Hello all,
I am attempting to estimate (using maximum liklihood, *not* Bayesian) three of the parameters of a basic RBC model (discount rate, constant of rel risk aversion, stderr of the technology shock). I am using 20 years worth of data (quarterly, n = 80). The data file contains the percent deviation of real GDP from its trend (log actual - log filtered, where I use the HP filter, lambda = 1,600). I have specified the mode in the estimation to be mode_compute = 7.
The problem is that I get plausible values for the estimated means of the two parameters, but the standard deviations for both come back as 0.00 and the t-statistics come back extraordinarily high (in the neighborhood of 3.5 million!). The estimated results for the third parameter, the technological innovation, come back fine (s.d. ~= 0.02, t-stat. ~= 40).

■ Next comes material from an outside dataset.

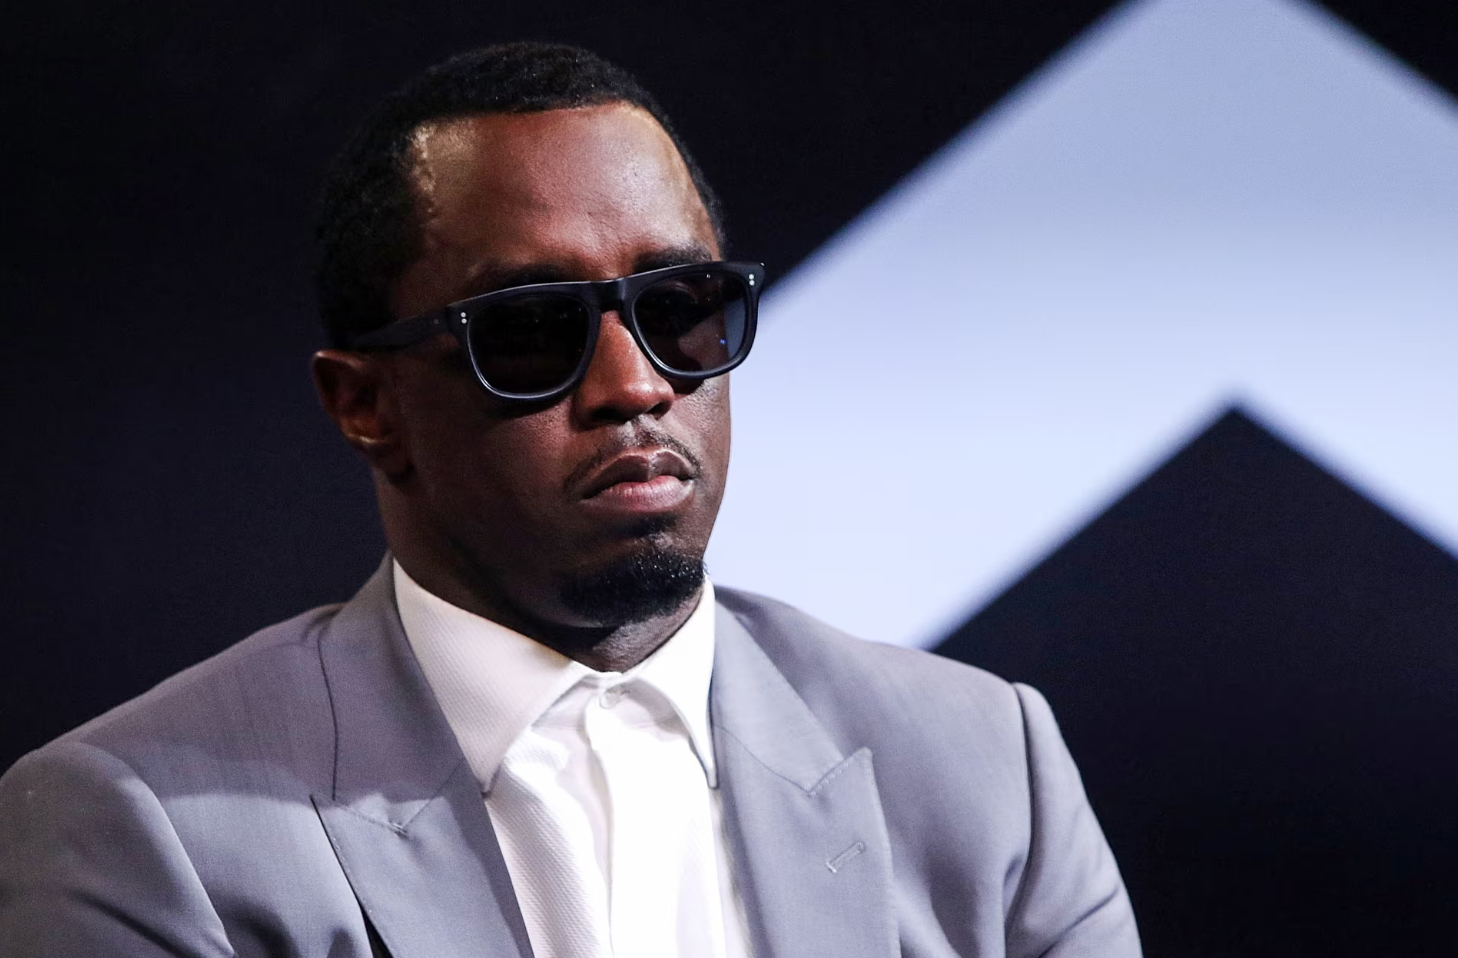 Sean ‘Diddy’ Combs in New York in 2016. Photograph: Laura Cavanaugh/Getty Images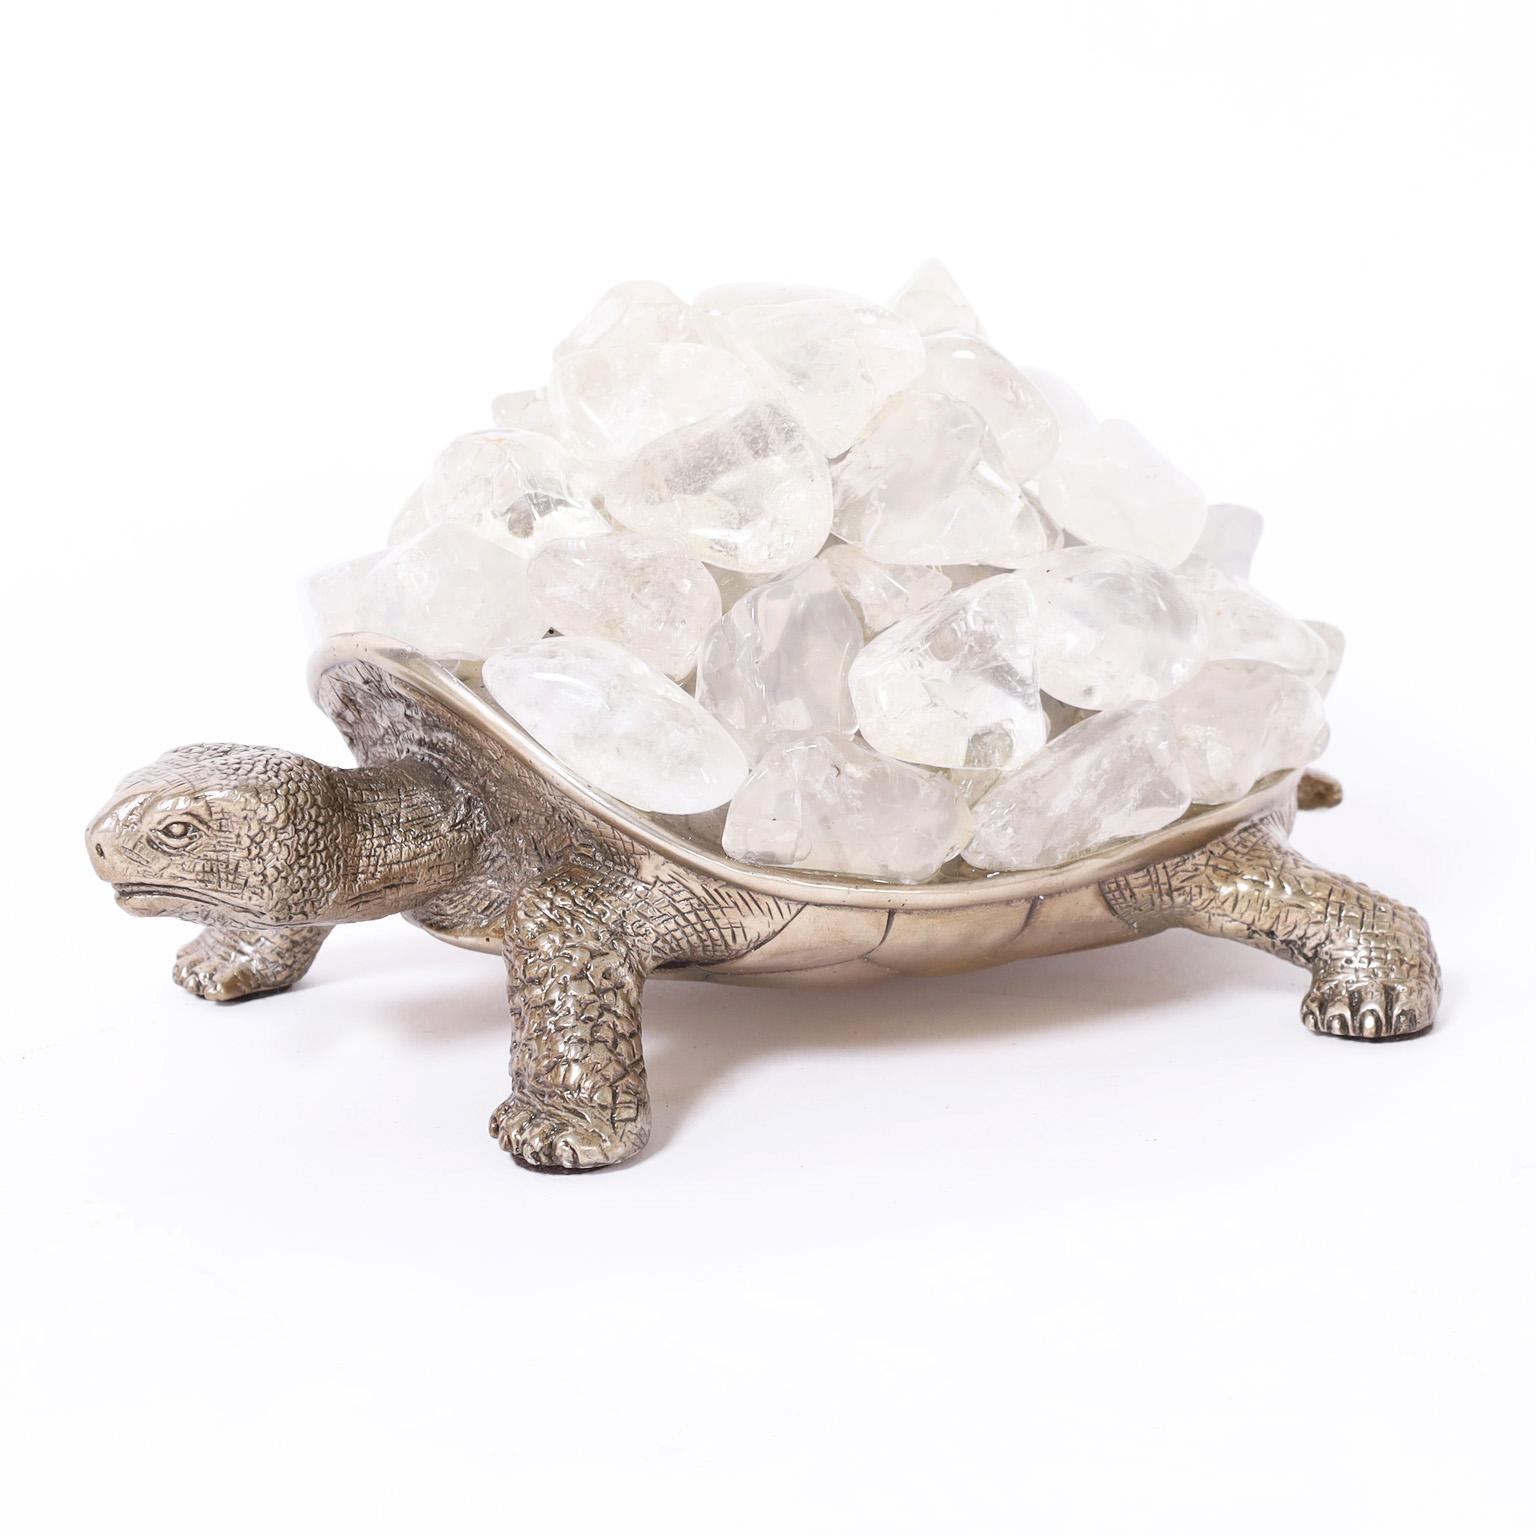 Silver Plate Turtle with Crystal Rocks - Sculpture by Unknown

The same issue occurs when I estimate the two parameters (discount rate, constant of rel risk aversion) in isolation of each other...zero s.d. and enormous t-stat.
How am I to interpret these results? Should I be using a different estimation routine?
Any help/ideas/insight regardless of triviality is appreciated!
P.S. I have uploaded the .mod file if that happens to help; it runs fine, so I am hoping someone can simply diagnose my issue from their past experience with the weird results I have written about above.